#### [Exercise aim]
For this exercise, repeat exactly the lines below starting at the line holding "Jackson Jangula looks" and ending at the line holding "The Variety 8-Pack", both included, with no extra lines and no pictures.

#### [Data records]

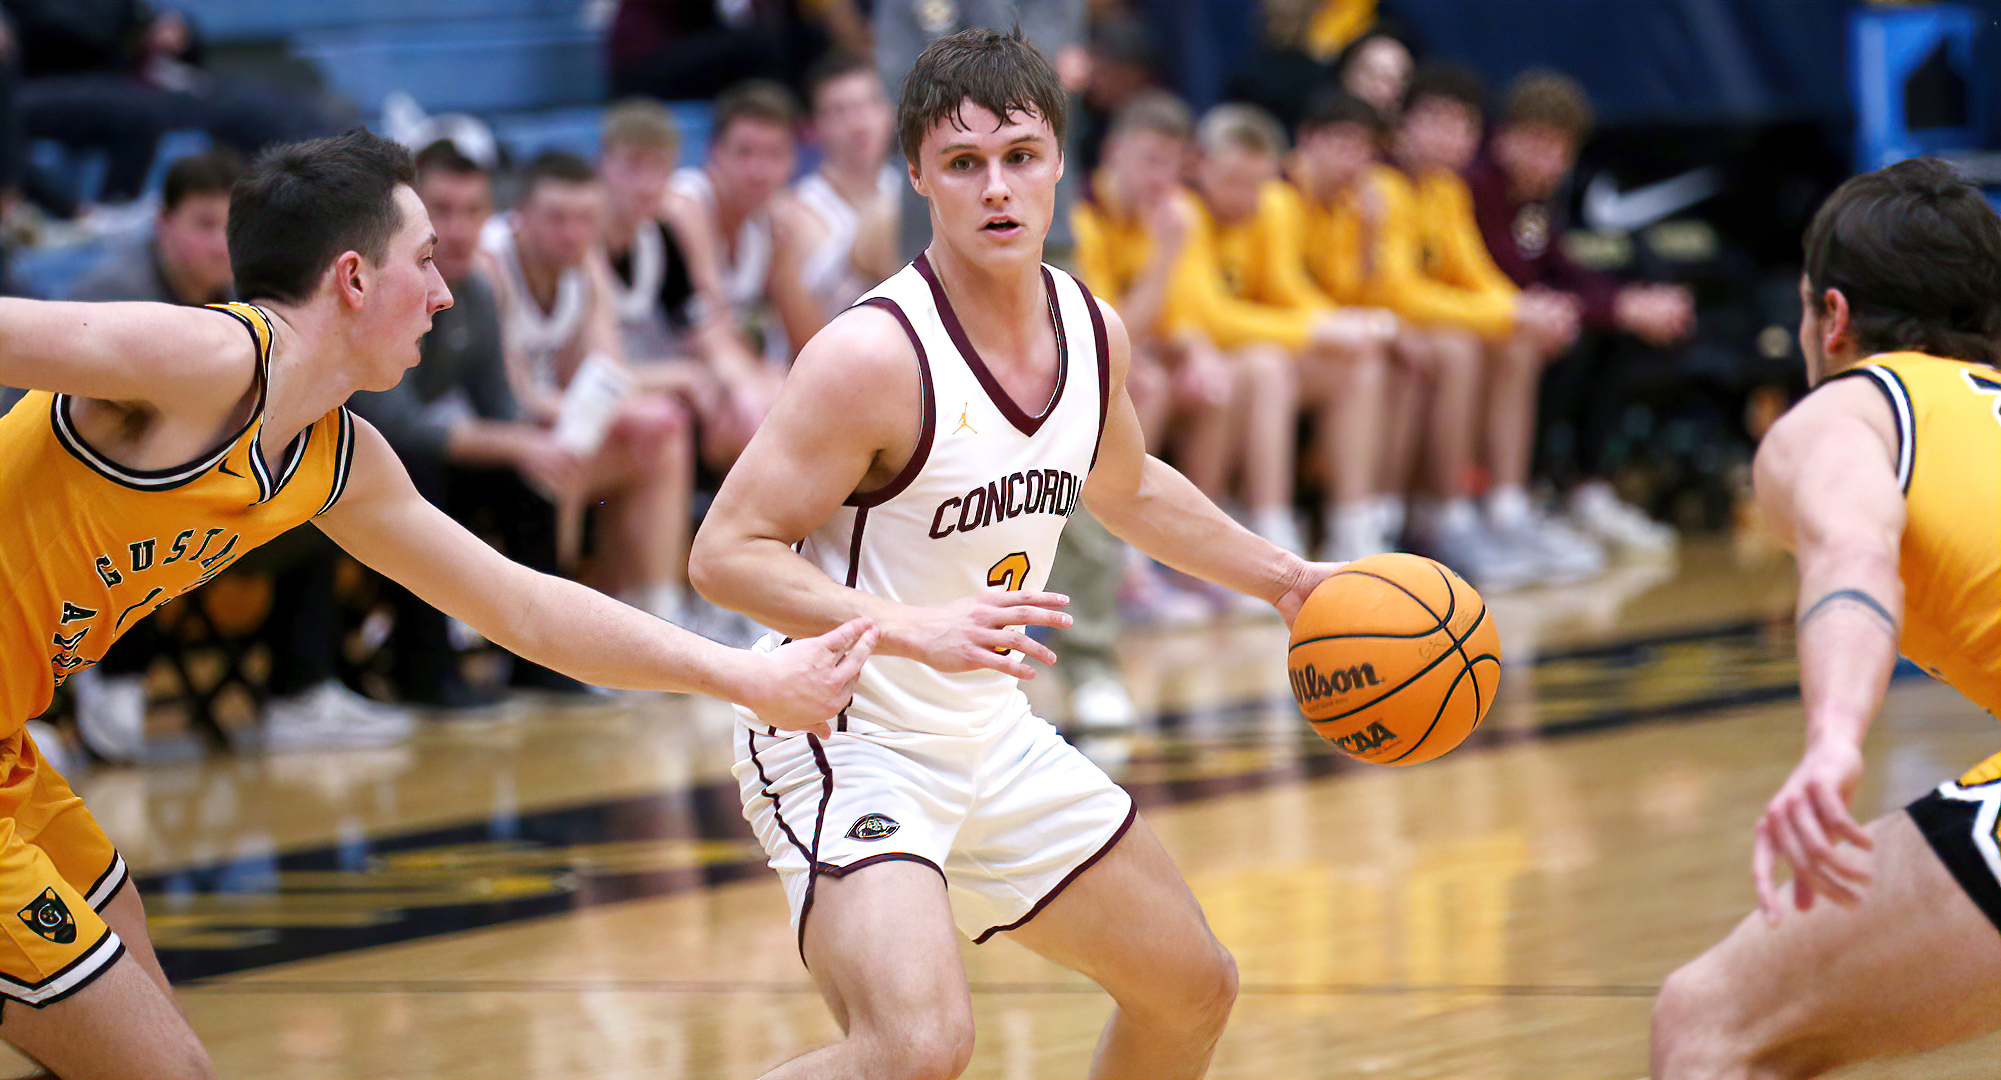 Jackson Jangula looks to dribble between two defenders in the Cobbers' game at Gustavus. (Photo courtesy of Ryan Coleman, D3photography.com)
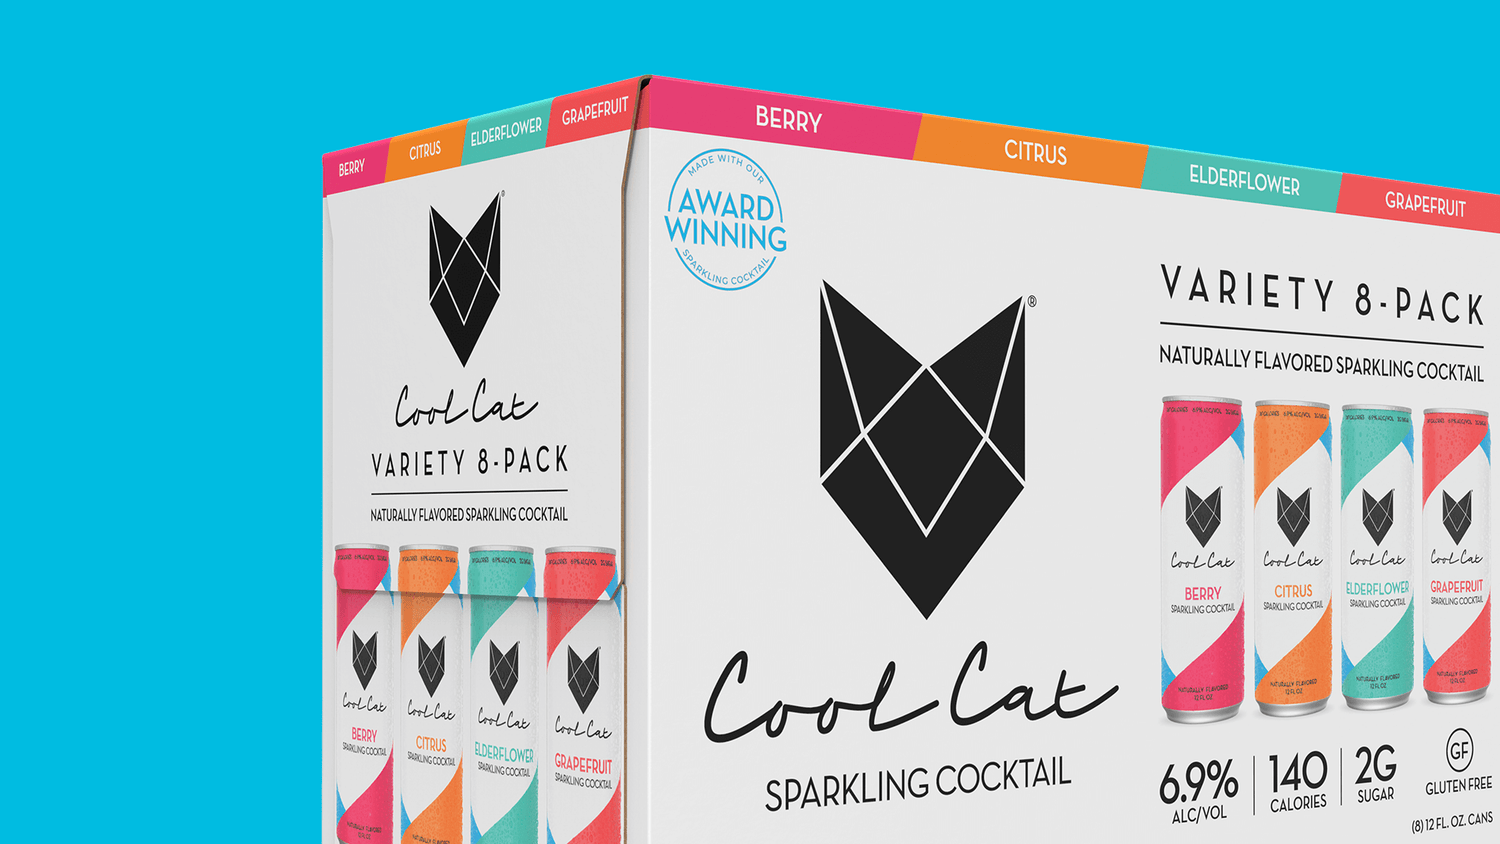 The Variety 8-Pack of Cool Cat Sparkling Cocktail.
...
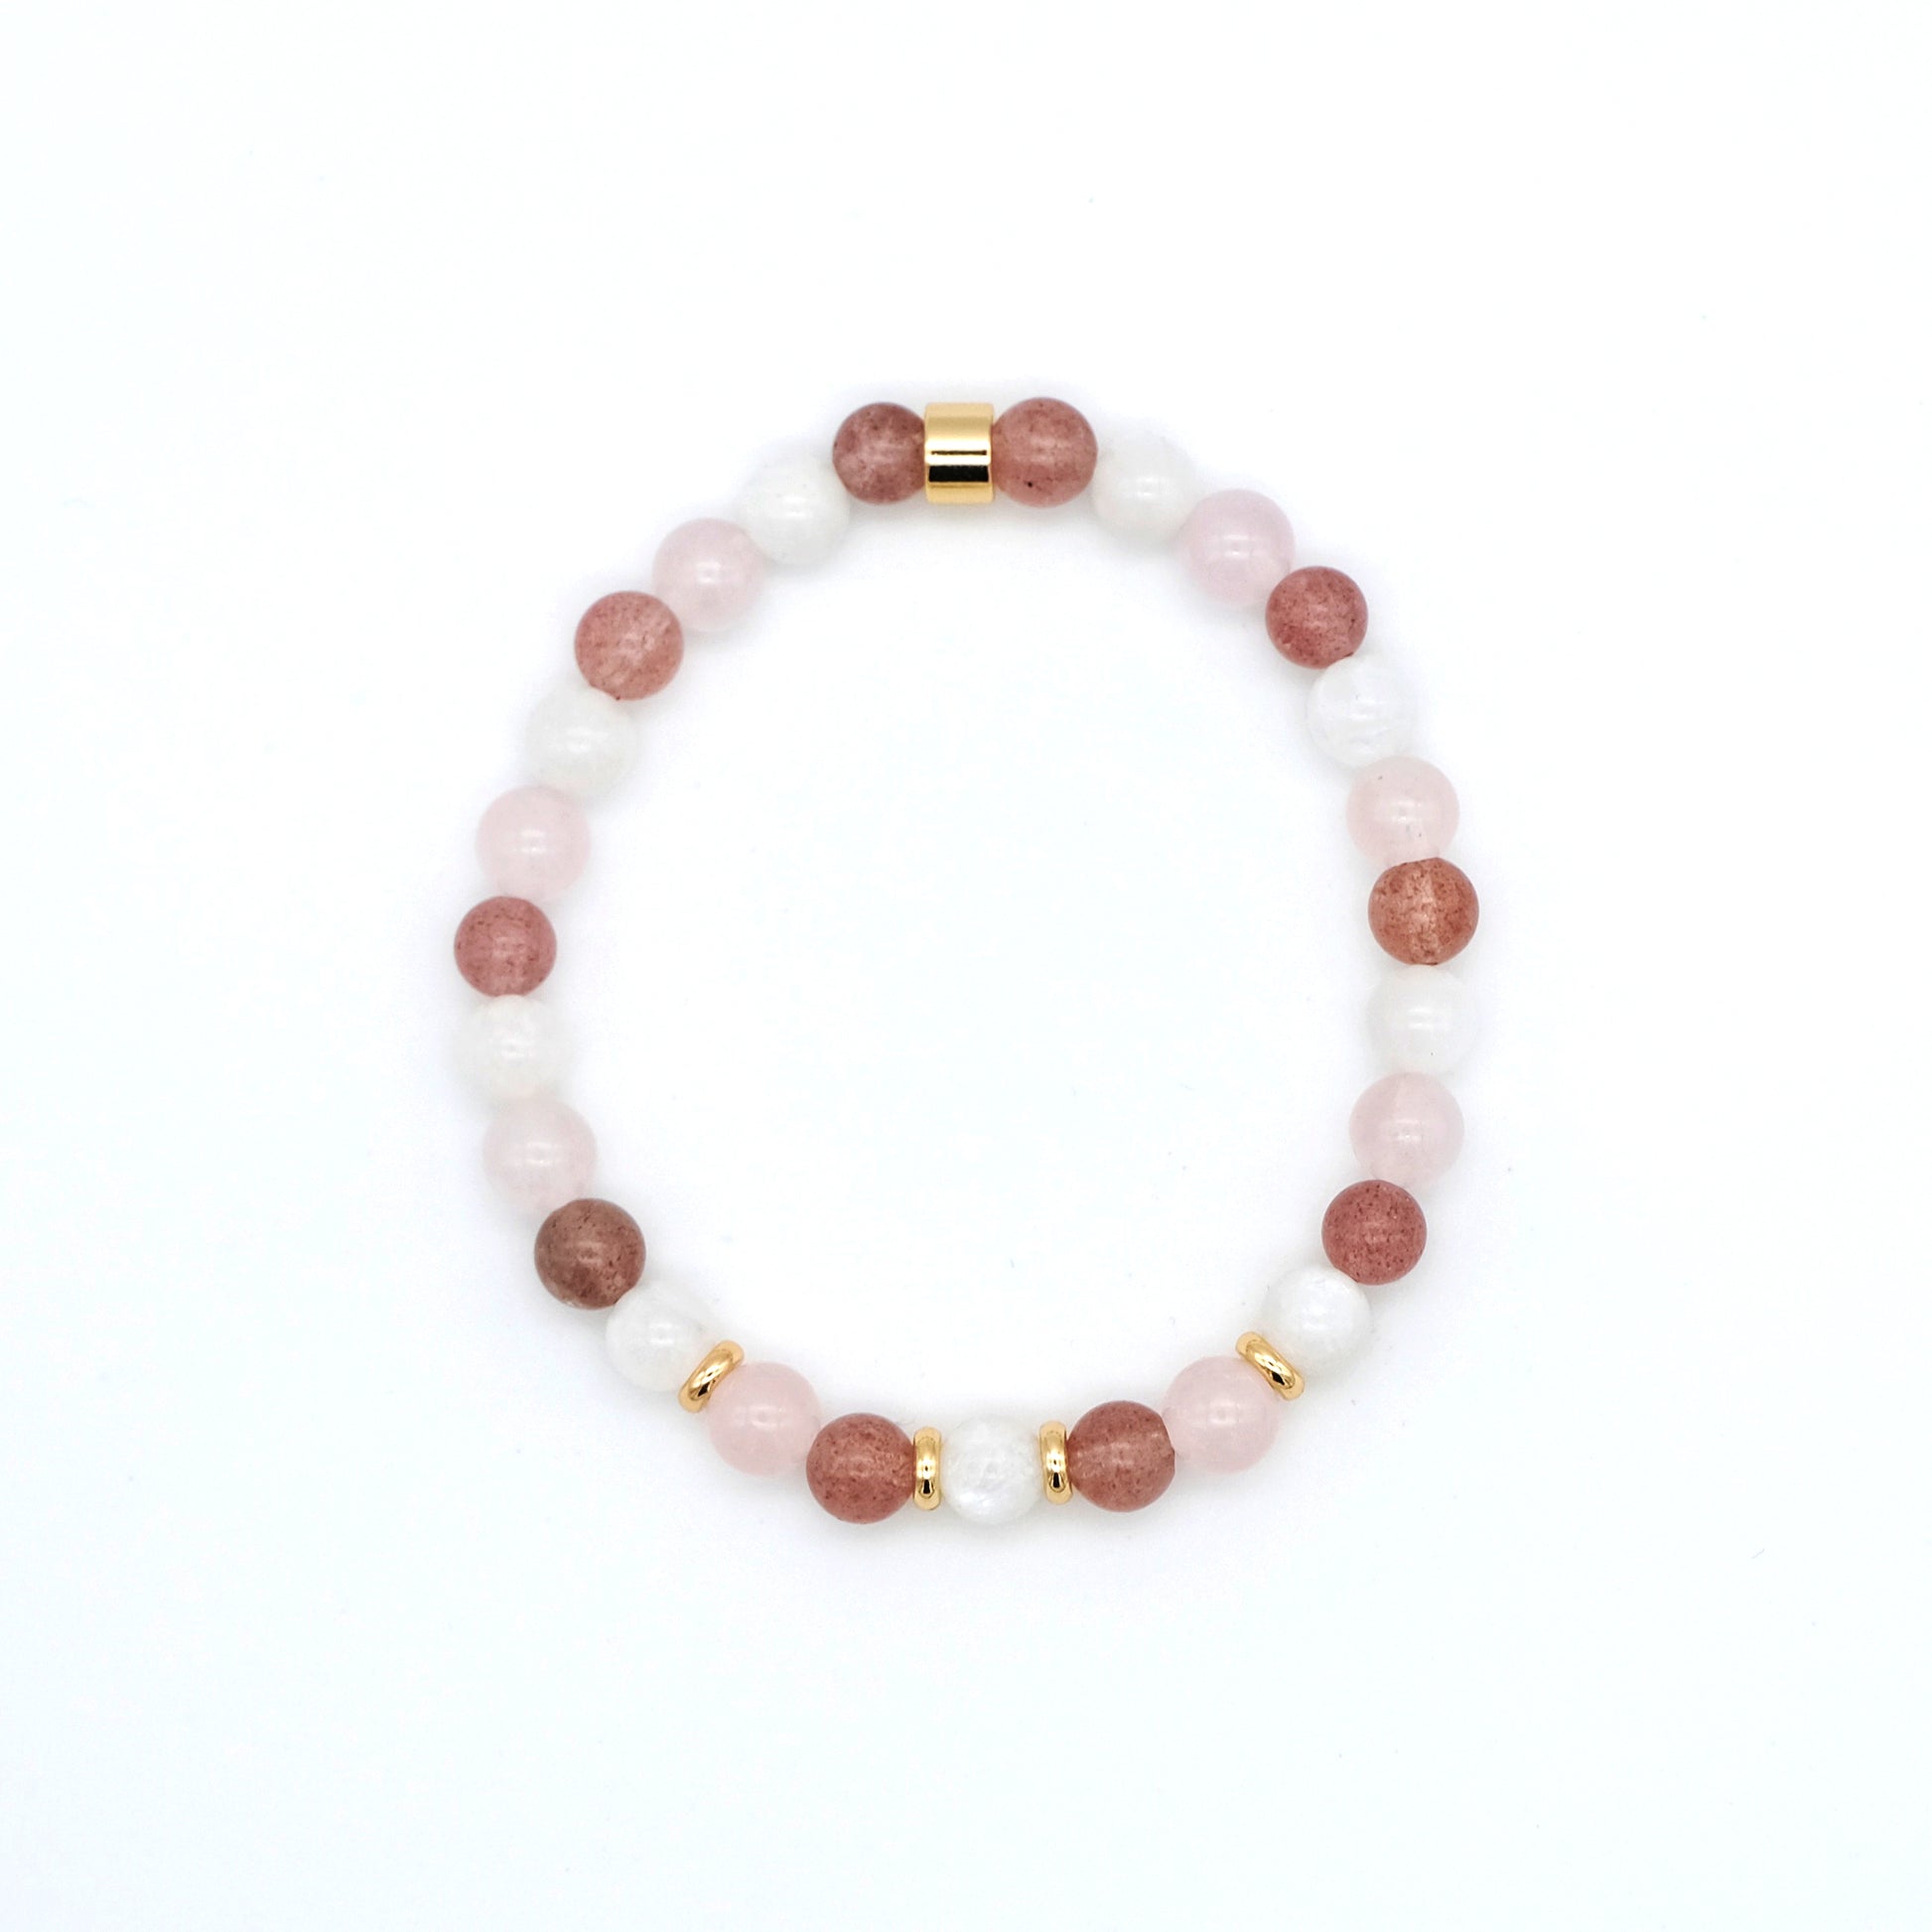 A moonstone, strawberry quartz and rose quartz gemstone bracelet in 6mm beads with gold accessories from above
---
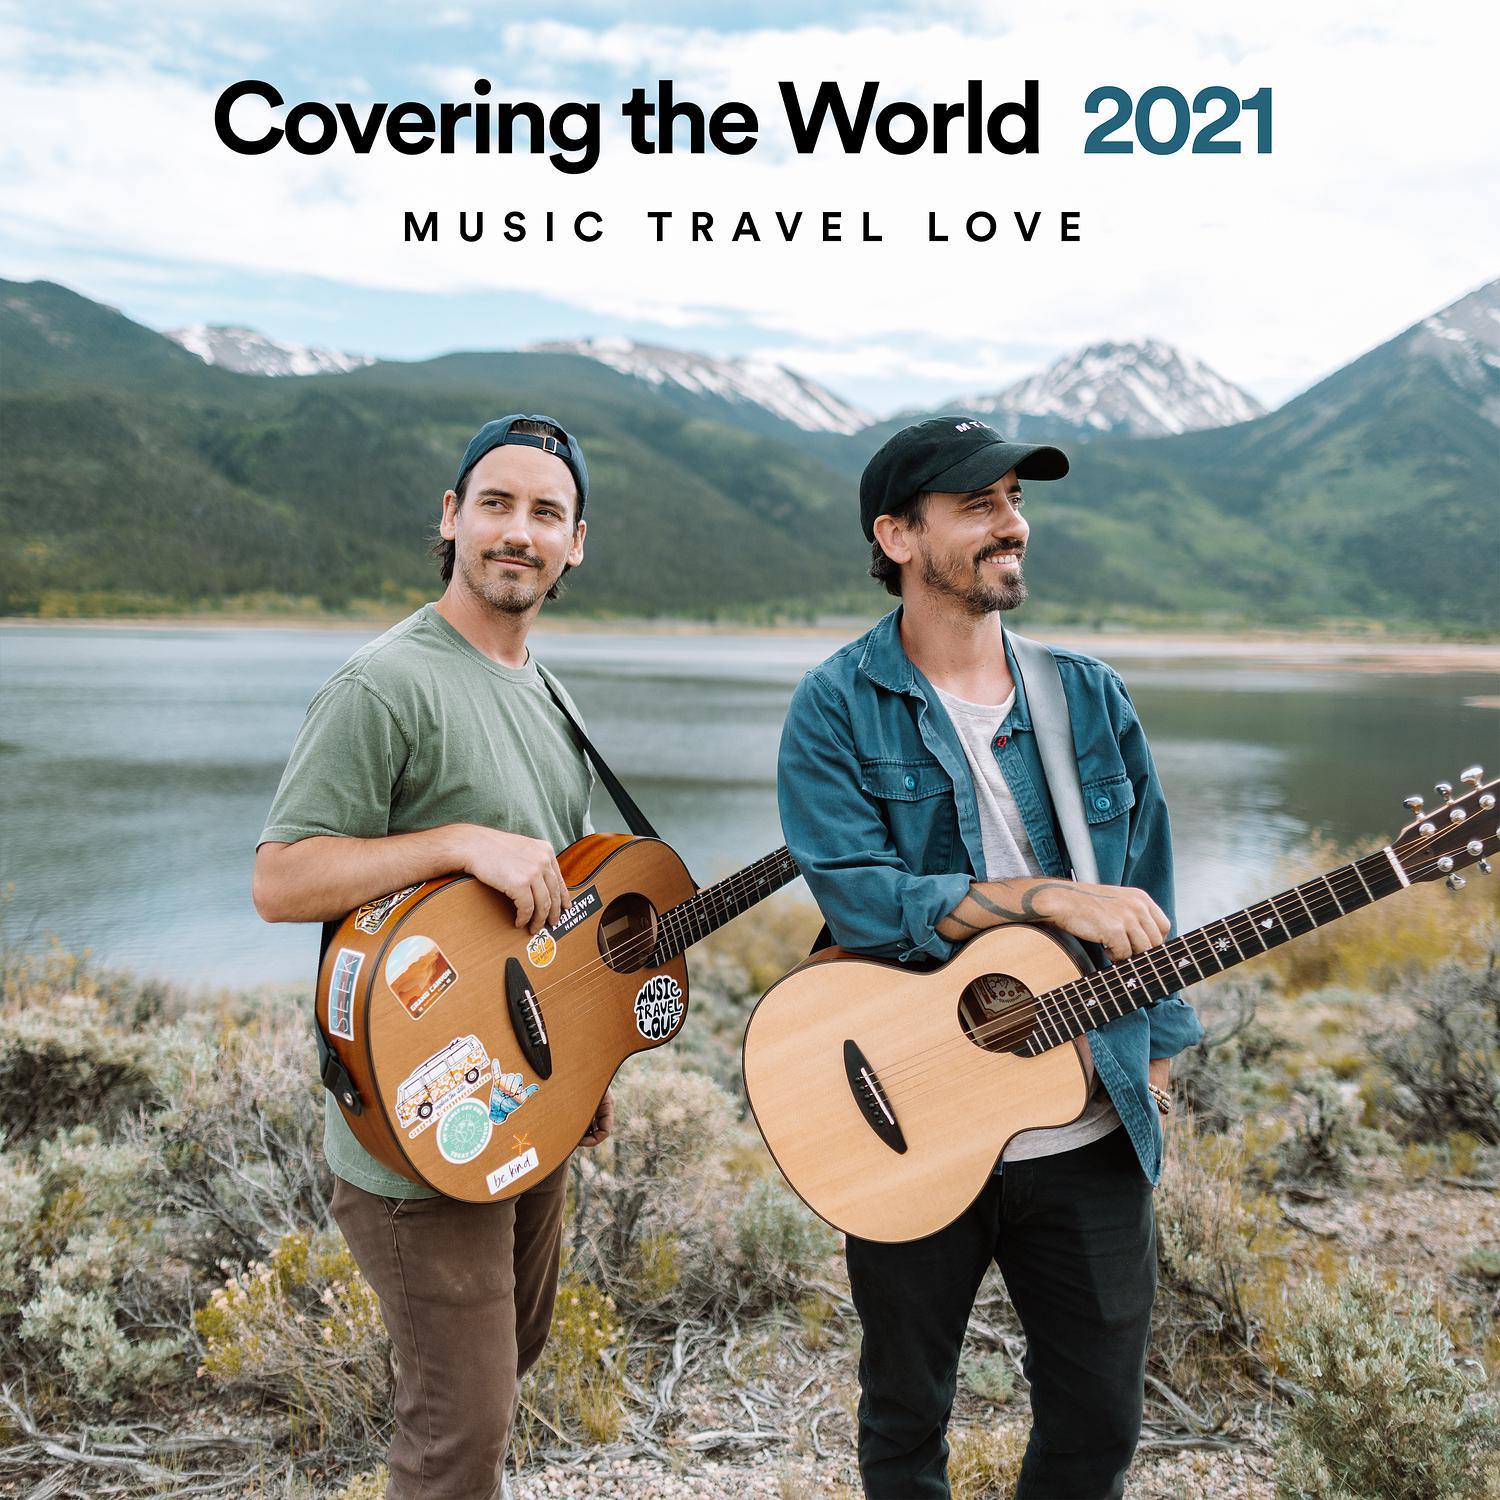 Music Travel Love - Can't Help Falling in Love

#### [Exercise response]
 Jackson Jangula looks to dribble between two defenders in the Cobbers' game at Gustavus. (Photo courtesy of Ryan Coleman, D3photography.com)
 The Variety 8-Pack of Cool Cat Sparkling Cocktail.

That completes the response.